## Assigned task
An exact copy of the listing below is required, minus its pictures.

## Recorded information
◇ ◇ ◇ ◇

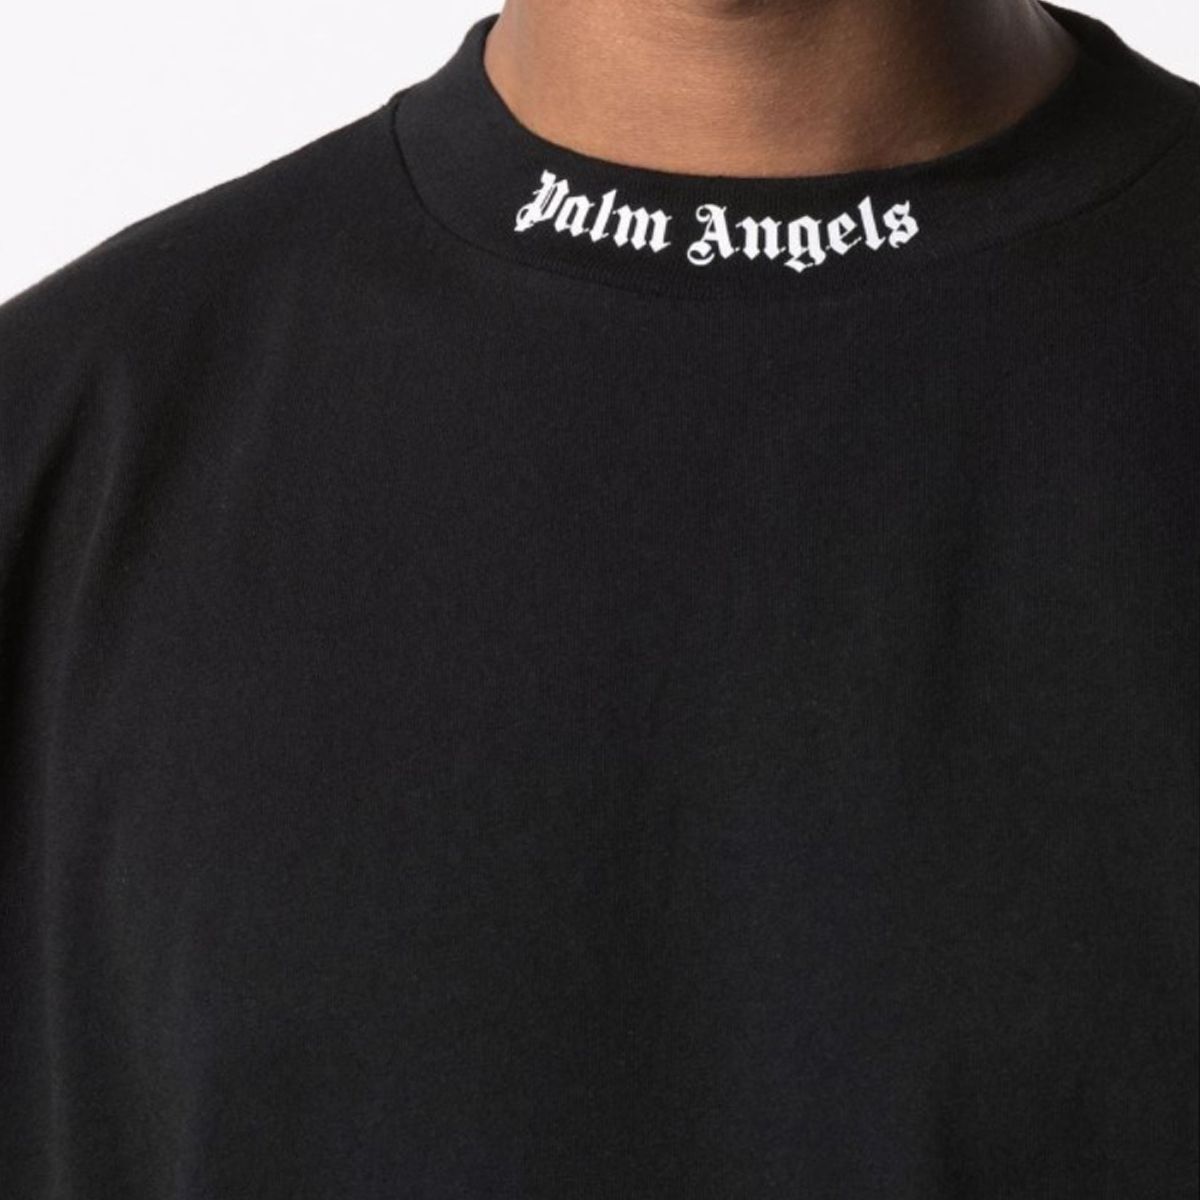 Logo-Print Short-Sleeve T-Shirt Black
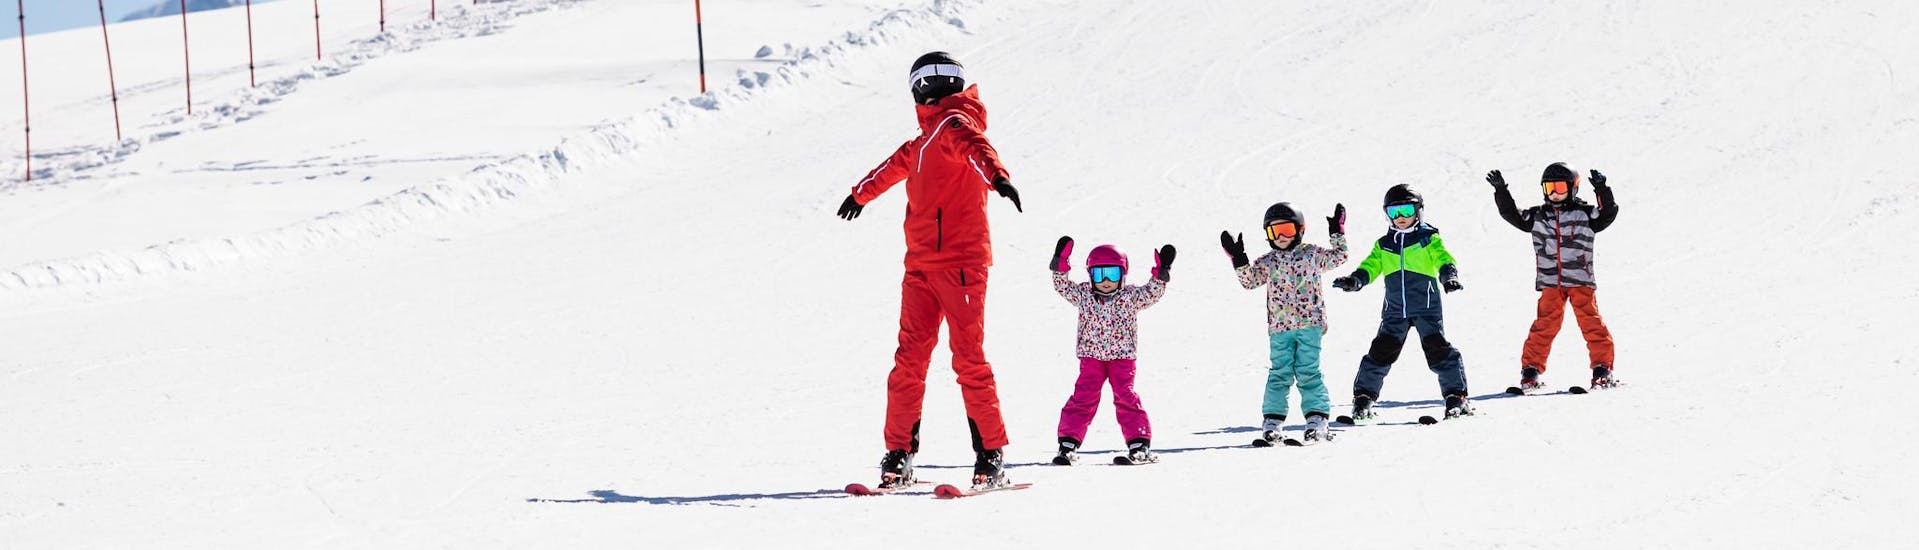 Moniteur de ski et enfants profitent d'une leçon de ski dans une école de ski près d'Aachen.
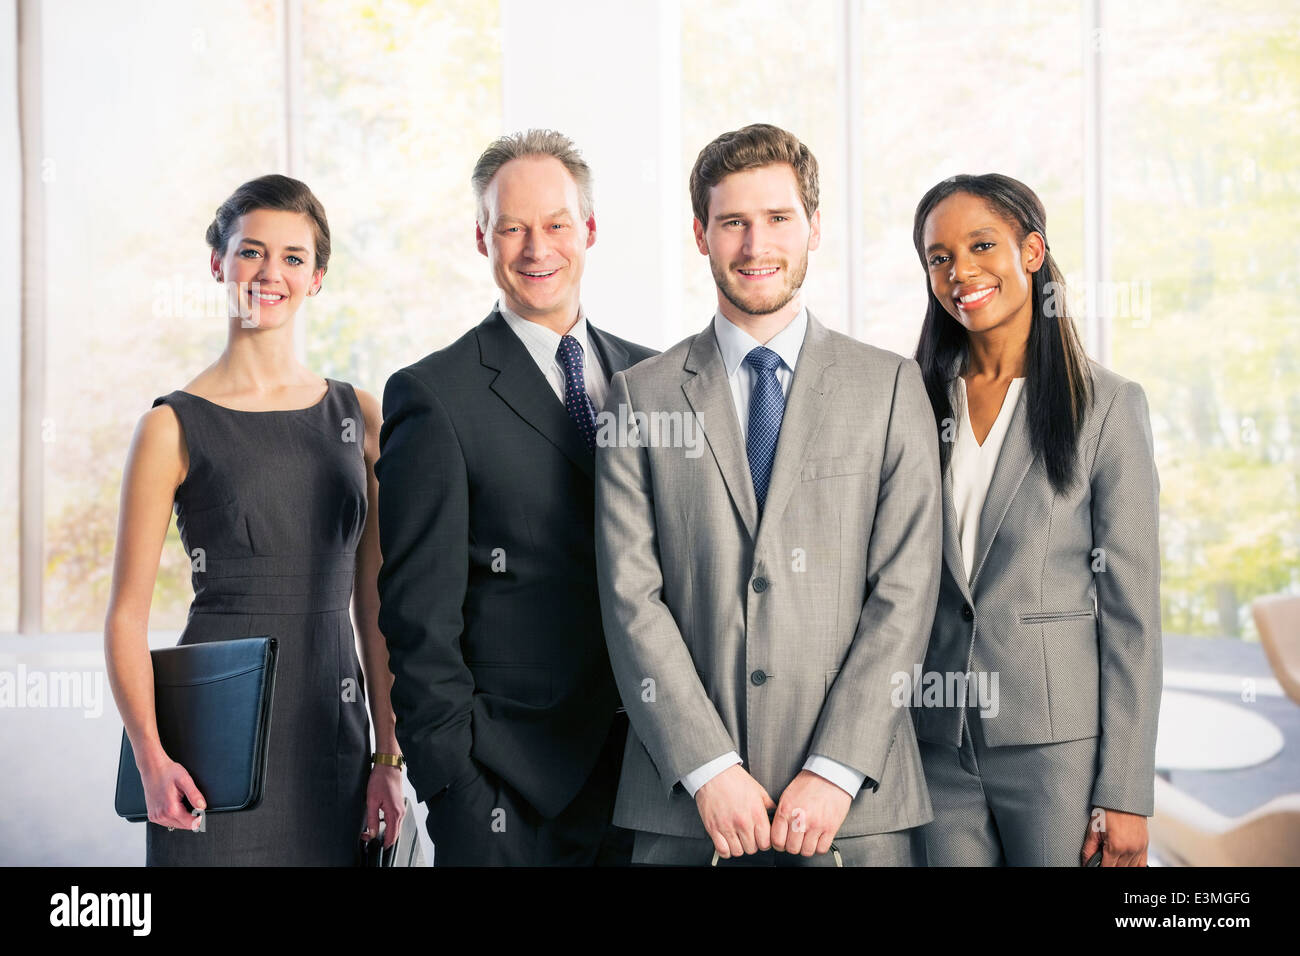 Portrait of business people Banque D'Images

◇ ◇ ◇ ◇

## Finished task
 Logo-Print Short-Sleeve T-Shirt Black
 Moniteur de ski et enfants profitent d'une leçon de ski dans une école de ski près d'Aachen.
 Portrait of business people Banque D'Images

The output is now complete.